3D Printing Custom Bioactive and Absorbable Surgical Screws, Pins, and Bone Plates for Localized Drug Delivery.

Journal of functional biomaterials

Karthik Tappa, Udayabhanu Jammalamadaka, Jeffery A Weisman, David H Ballard, Dallas D Wolford, Cecilia Pascual-Garrido, Larry M Wolford, Pamela K Woodard, David K Mills

Affiliations

  1. Mallinckrodt Institute of Radiology, Washington University School of Medicine, St. Louis, MO 63110, USA. [email protected].
  2. Mallinckrodt Institute of Radiology, Washington University School of Medicine, St. Louis, MO 63110, USA. [email protected].
  3. University of Illinois at Chicago Occupational Medicine, Chicago, IL 60612, USA. [email protected].
  4. Mallinckrodt Institute of Radiology, Washington University School of Medicine, St. Louis, MO 63110, USA. [email protected].
  5. Department of Surgery, UT Southwestern Medical Center; University of Texas Southwestern, Dallas, TX 75390, USA. [email protected].
  6. Adult Reconstruction-Adolescent and Young Adult Hip Service, Washington University Orthopedics, St Louis, MO 63110, USA. [email protected].
  7. Department of Oral and Maxillofacial Surgery, Texas A&M University College of Dentistry and Baylor University Medical Center, Dallas, TX 75246, USA. [email protected].
  8. Mallinckrodt Institute of Radiology, Washington University School of Medicine, St. Louis, MO 63110, USA. [email protected].
  9. Department of Biomedical Engineering, Louisiana Tech University, 305 Wisteria Street, Ruston, LA 71272, USA. [email protected].

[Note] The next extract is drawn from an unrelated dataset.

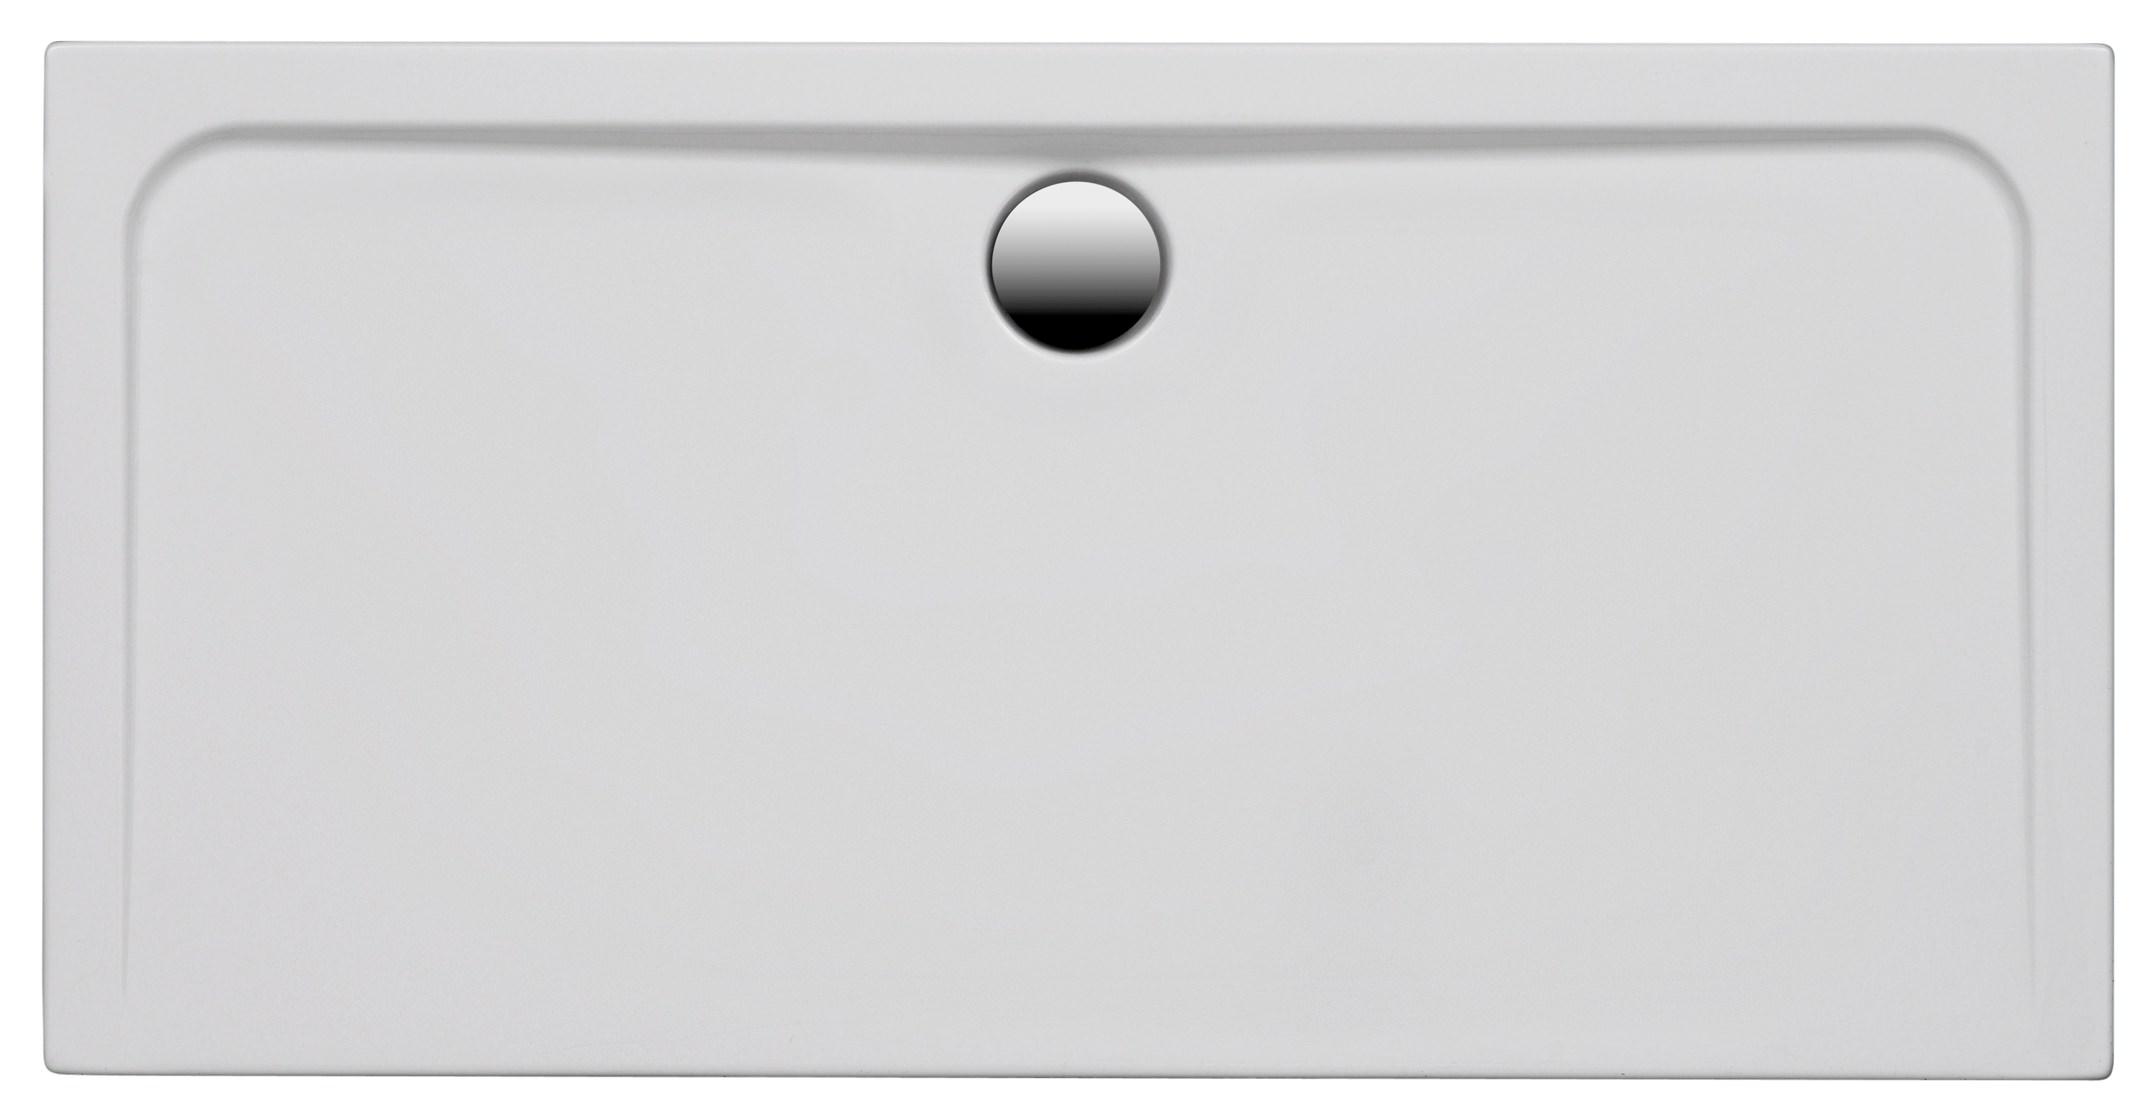 ottofond latest ottofond loredana x cm with ottofond ottofond einbauwanne koala vario. Black Bedroom Furniture Sets. Home Design Ideas

PMID: 30939719 PMCID: PMC6616894 DOI: 10.3390/jfb10020017

Abstract

Additive manufacturing has great potential for personalized medicine in osseous fixation surgery, including maxillofacial and orthopedic applications. The purpose of this study was to demonstrate 3D printing methods for the fabrication of patient-specific fixation implants that allow for localized drug delivery. 3D printing was used to fabricate gentamicin (GS) and methotrexate (MTX)-loaded fixation devices, including screws, pins, and bone plates. Scaffolds with different infill ratios of polylactic acid (PLA), both without drugs and impregnated with GS and MTX, were printed into cylindrical and rectangular-shaped constructs for compressive and flexural strength mechanical testing, respectively. Bland PLA constructs showed significantly higher flexural strength when printed in a Y axis at 100% infill compared to other axes and infill ratios; however, there was no significant difference in flexural strength between other axes and infill ratios. GS and MTX-impregnated constructs had significantly lower flexural and compressive strength as compared to the bland PLA constructs. GS-impregnated implants demonstrated bacterial inhibition in plate cultures. Similarly, MTX-impregnated implants demonstrated a cytotoxic effect in osteosarcoma assays. This proof of concept work shows the potential of developing 3D printed screws and plating materials with the requisite mechanical properties and orientations. Drug-impregnated implants were technically successful and had an anti-bacterial and chemotherapeutic effect, but drug addition significantly decreased the flexural and compressive strengths of the custom implants.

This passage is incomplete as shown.